Observe that by assumption \({\text {Jac}}(C')\) is isogenous to \({\text {Jac}}(C)\), and hence isomorphic since \({\text {Jac}}(C)\) is super-isolated. Denote by \(\theta \) and \(\theta '\) the canonical principal polarizations of \({\text {Jac}}(C)\) and \({\text {Jac}}(C')\), respectively. By Theorem 35 we deduce that \(({\text {Jac}}(C),\theta )\) is isomorphic to \(({\text {Jac}}(C'),\theta ')\). Therefore by Torelli’s Theorem we deduce that \(C\simeq C'\). \(\square \)

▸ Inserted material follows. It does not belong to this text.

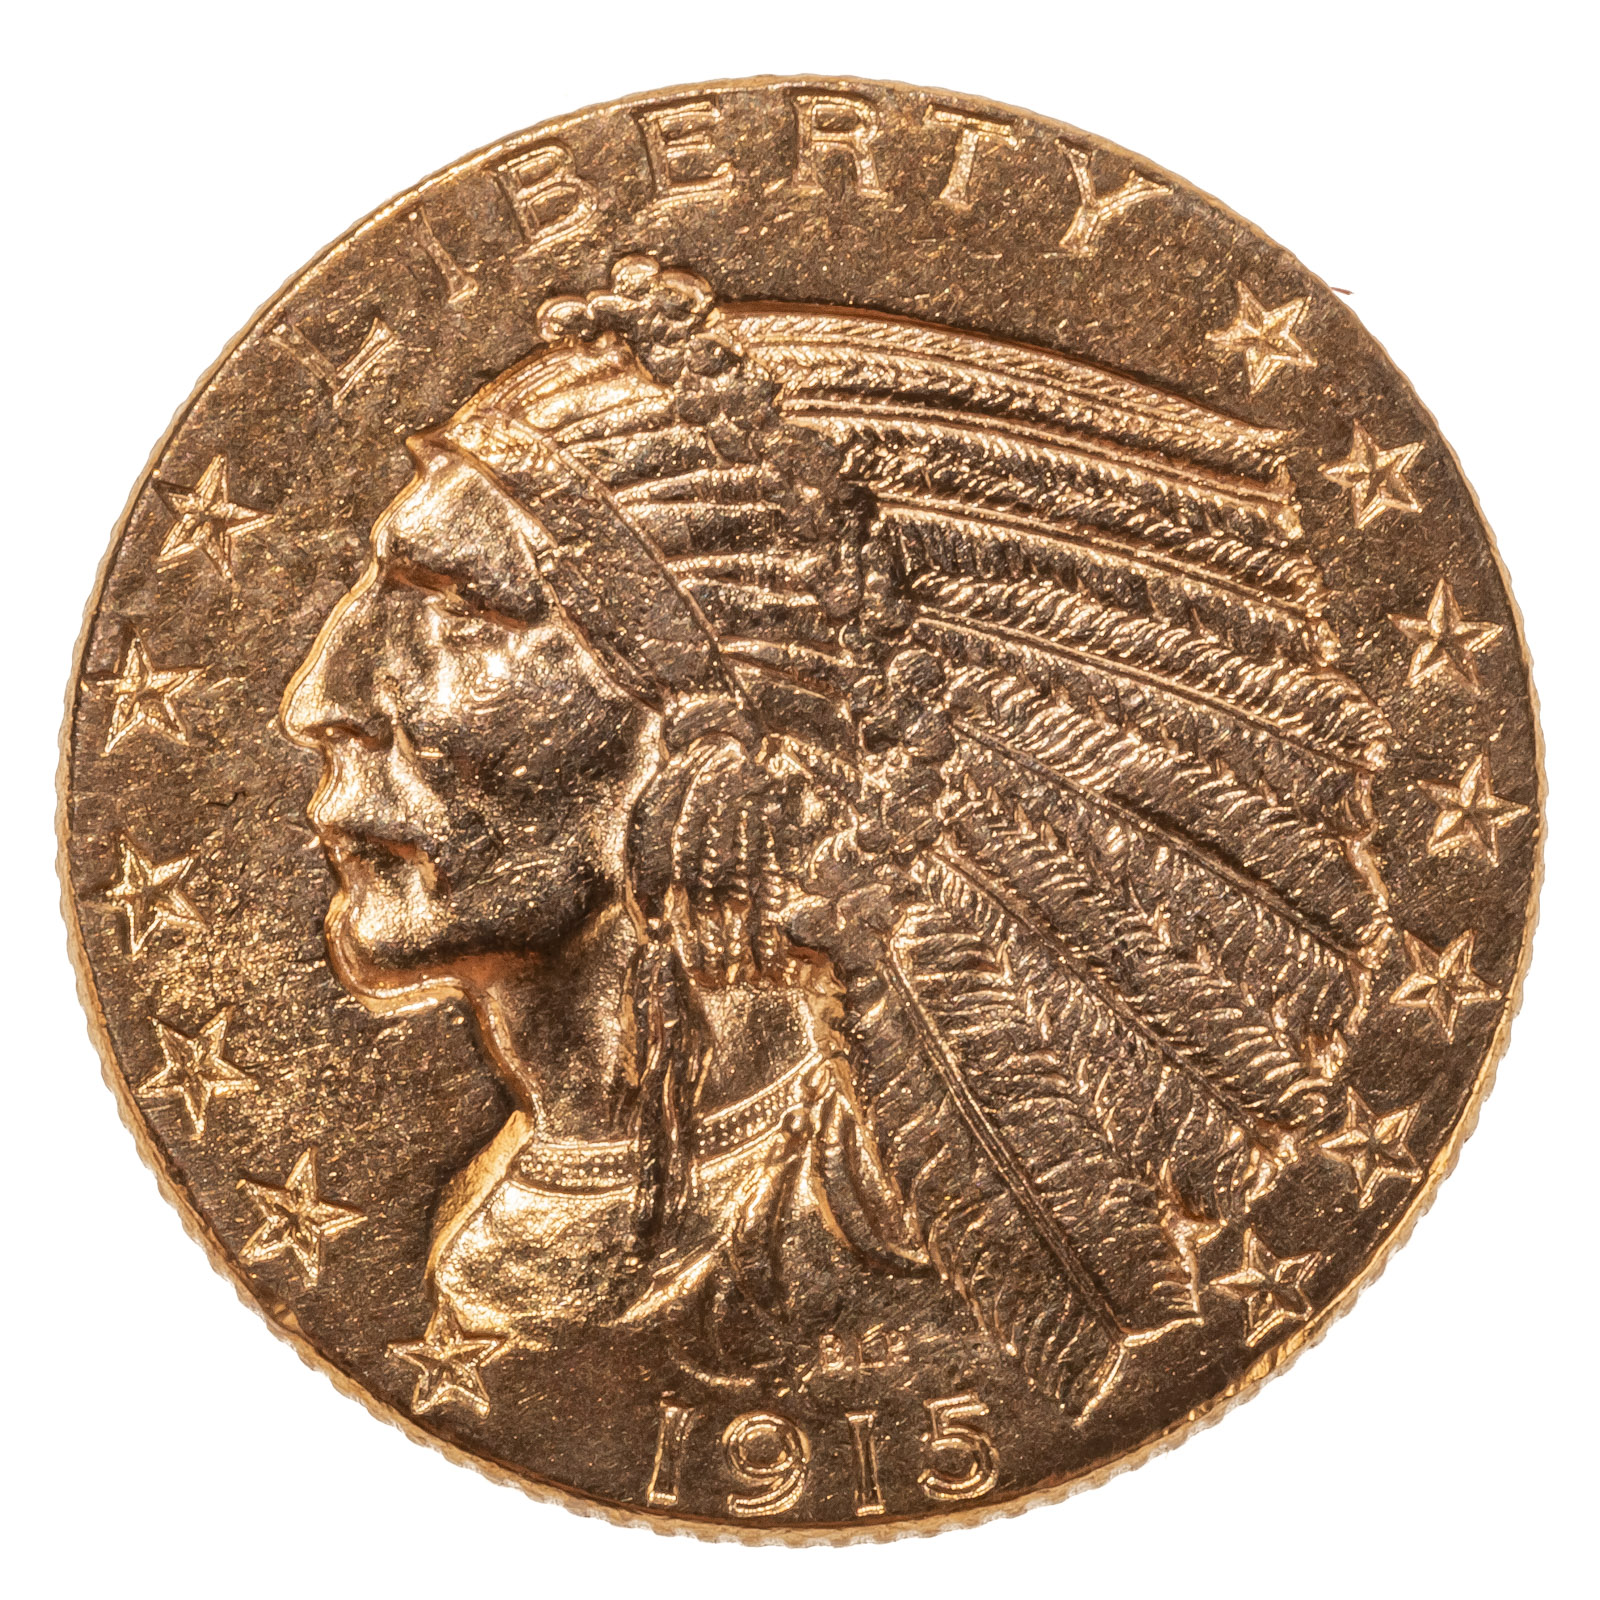 1915 $5 INDIAN GOLD HALF EAGLE

The next example shows that given a Weil generator \(\pi \) for a number field \(K={\mathbb {Q}}(\pi )\) with non-trivial class group, we can have two non-isomorphic Jacobians as polarized abelian varieties which are isomorphic as unpolarized abelian varieties in the isogeny class determined by the minimal polynomial of \(\pi \). For more examples and a general method to construct such curves see [9].

Example 39

Consider the hyperelliptic curves over \({\mathbb {F}}_3\) defined by

$$\begin{aligned} C_1: y^2 = 2x^5 + 2x^4 + x^3 + 2x^2 + 1 \quad \text { and }\quad C_2: y^2 = 2x^5 + x^4 + x + 1. \end{aligned}$$

Observe (or use Magma to verify) that \(C_1\) and \(C_2\) are not isomorphic. Their Jacobians lie in the same isogeny class, which is determined by the Weil polynomial

$$\begin{aligned} h=x^4 - x^3 + x^2 - 3x + 9. \end{aligned}$$

Let \(K={\mathbb {Q}}[x]/(h)={\mathbb {Q}}(\pi )\), which is the same field as in Example 34. Note that \(\pi \) is a Weil generator for K but that the isogeny class is not super-isolated because the class group of K has order two. Using [13, Thm. 4.3] we deduce that there are two isomorphism classes of abelian varieties in the isogeny class, represented by say A and B. Using [13, Thm. 5.4], we compute that one of the isomorphism classes admits two non-isomorphic principal polarizations, say \((A,\theta _1)\) and \((A,\theta _2)\), while B is not principally polarized. Note that it is not surprising that A has two non-isomorphic polarizations: indeed by [13, Thm. 5.4] the number of non-isomorphic polarizations equals the size of \(U_F^+/{\text {Norm}}_{K/F}(U_K)\) and in Example 34 we showed that it is 2. Denote by \(\theta '_1\) (resp. \(\theta '_2\)) the canonical polarization of \({\text {Jac}}(C_1)\) (resp. \({\text {Jac}}(C_2)\)). We deduce that, after possibly relabelling \(\theta _1\) and \(\theta _2\), we have isomorphisms \(({\text {Jac}}(C_1),\theta '_1)\simeq (A,\theta _1)\) and \(({\text {Jac}}(C_2),\theta '_2)\simeq (A,\theta _2)\). In particular we have \({\text {Jac}}(C_1)\simeq {\text {Jac}}(C_2) \simeq A\) as unpolarized abelian varieties.